His face was almost as fixed as a mask carved out of granite while he waited for an answer to his question.

“Always the same thing—always the same thing, sir,” said the housekeeper. “Something about a murder, and blood-stains in the cellars under the northern wing.”

“Have the servants been telling him any foolish ghost-story?”

“O no, sir; that’s next to impossible; for there is no story of a murder, nor anything whatever, connected with the cellars. They do say the northern wing is haunted; but the story they tell is only about the ghost of a young lady who died of a broken heart, on account of her lover being killed in the civil wars; and they do say she walks in the passages of the northern wing every new-year’s eve at twelve o’clock precisely.”

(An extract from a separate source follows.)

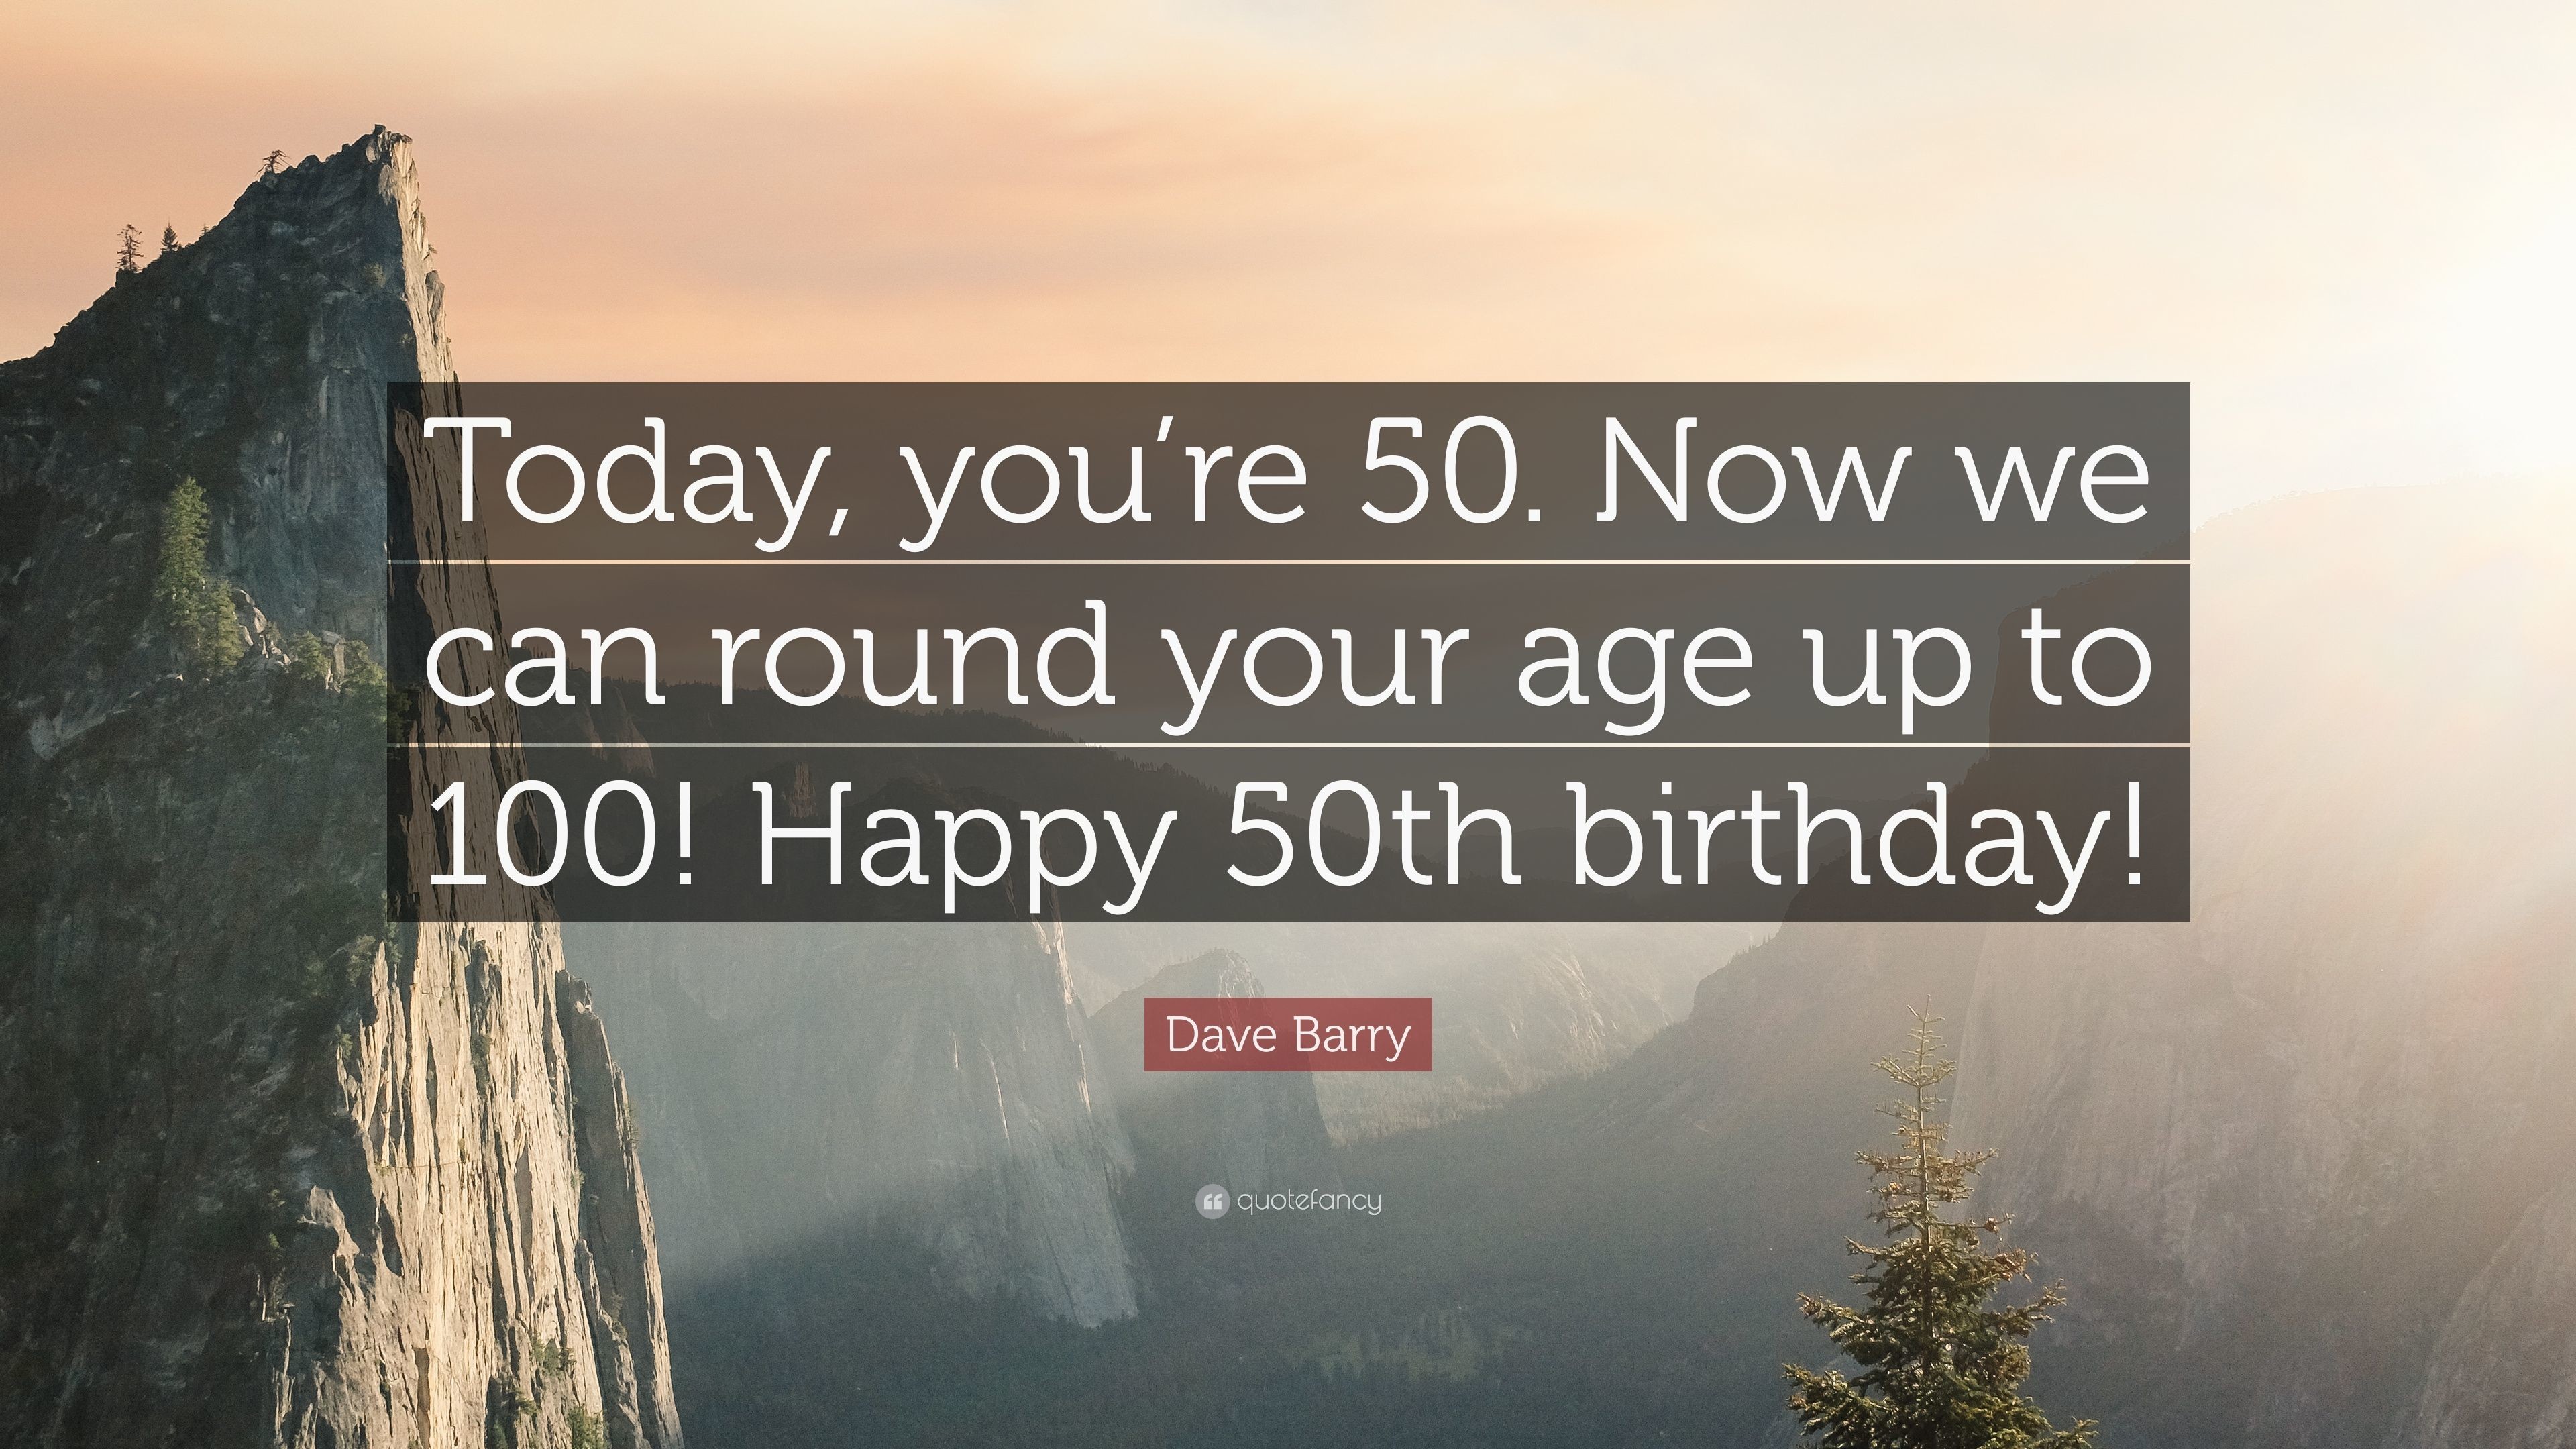 3840x2160 Dave Barry Quote: “Today, you're 50. Now we can round

“Humph!” muttered the banker; “there is no accounting for the queer ideas that get into the brain of a delirious man. I suppose this young man has been reading a novel, and has mixed up the story with his knowledge of this house. He’ll have some other fancy to-morrow, I daresay. You can leave him for the present, Mrs. Beckson; and you too, Morrison. I heard the bell ringing for tea in the servants’ hall just as I came upstairs. I’ll keep watch over your invalid.”

“You’re very kind, sir; but I’m afraid you’ll find it dreadfully wearing to hear him going on, always the same thing over and over again.”

Lionel Westford turned his head upon the pillow, and looked full at the banker, with bloodshot and dilated eyes.

“Rupert Godwin!” he said, in low, distinct tones,—“Rupert Godwin—the murderer of—”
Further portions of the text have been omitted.